Les quartiers populaires occupent aujourd’hui une place centrale dans le débat public mais aussi dans le paysage culturel. La lecture croisée de deux ouvrages ouvre des pistes de réflexion.
À propos de : Mickaël Chelal, Grandir en cité. La socialisation résidentielle de « jeunes de cité », Le bord de l’eau, & Éric Marlière, Matériaux pour une sociologie des quartiers prioritaires de la politique de la ville, Éditions du cygne
Les quartiers populaires occupent aujourd’hui une place centrale dans le débat public mais aussi dans le paysage culturel. La lecture croisée de deux ouvrages ouvre des pistes de réflexion.

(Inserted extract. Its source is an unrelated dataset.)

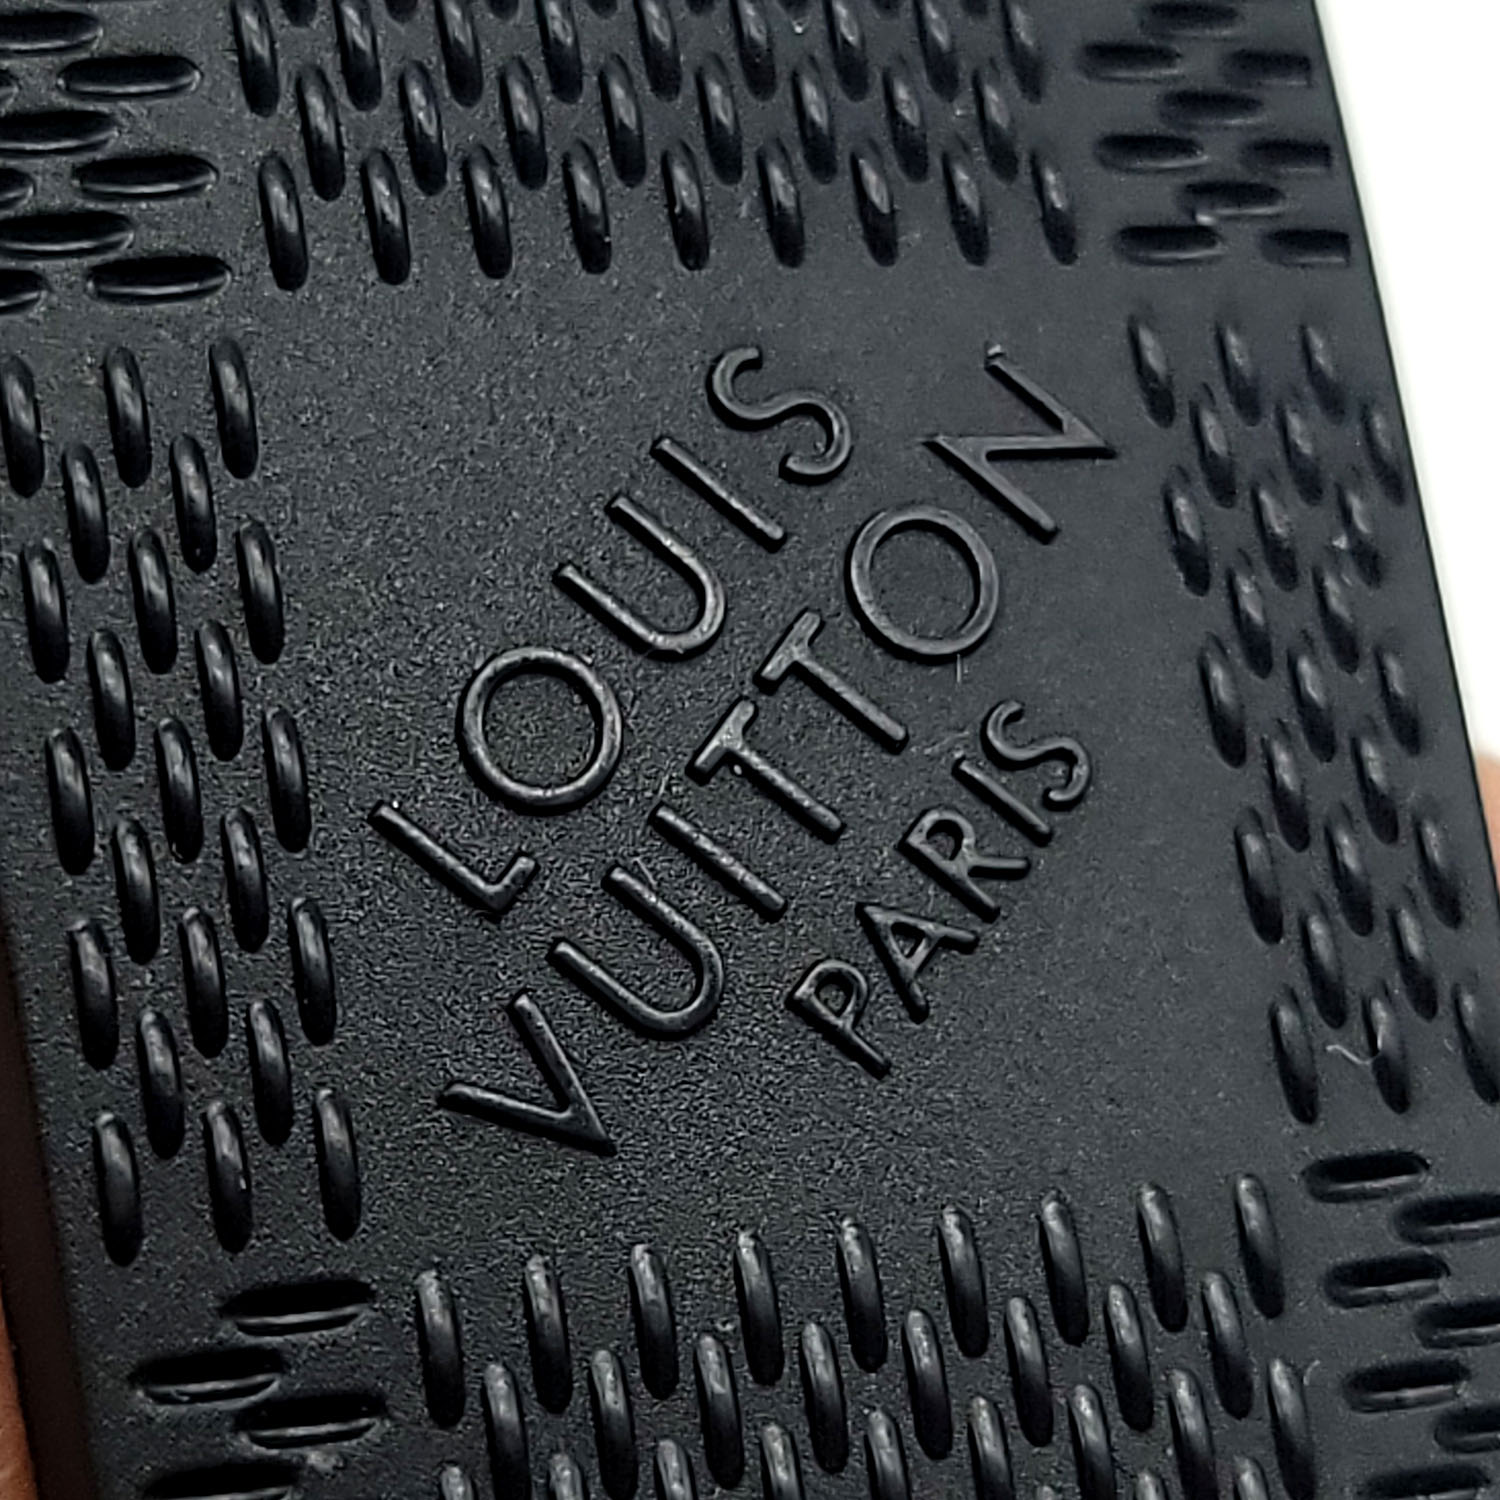 Louis Vuitton Tambour Horizon Matte Black – The Watch Pages

La période récente a été marquée par un nombre important d’ouvrages de sciences sociales prenant pour objet les quartiers populaires. Cette dynamique éditoriale n’est pas anodine et se situe à la conjonction de deux facteurs différents. Le premier est l’arrivée à terme de certaines enquêtes de longue durée de chercheurs aux travaux déjà connus, comme celle de Julien Talpin à Roubaix [1] (59), celle de Gerôme Truc et Fabien Truong à Grigny [2] (91). Le second est une certaine actualité politique des quartiers populaires : les révoltes urbaines de l’été 2023, le débat autour de l’opposition entre « les bourgs et les tours » mettant face-à-face les quartiers populaires urbains et les zones rurales, ou encore la mobilisation électorale marquante des banlieues des grandes agglomérations contre l’extrême droite nécessitent sans doute une production scientifique actualisée pour comprendre les phénomènes sociaux qui traversent ces espaces sociaux hyper-présents dans les champs médiatique, politique et culturel. Cette « réactualisation » a pris la forme de travaux de synthèse [3], ou de retours sur des matériaux d’enquête plus anciens pour nourrir la réflexion sur certains phénomènes qui s’imposent aujourd’hui dans le débat public [4].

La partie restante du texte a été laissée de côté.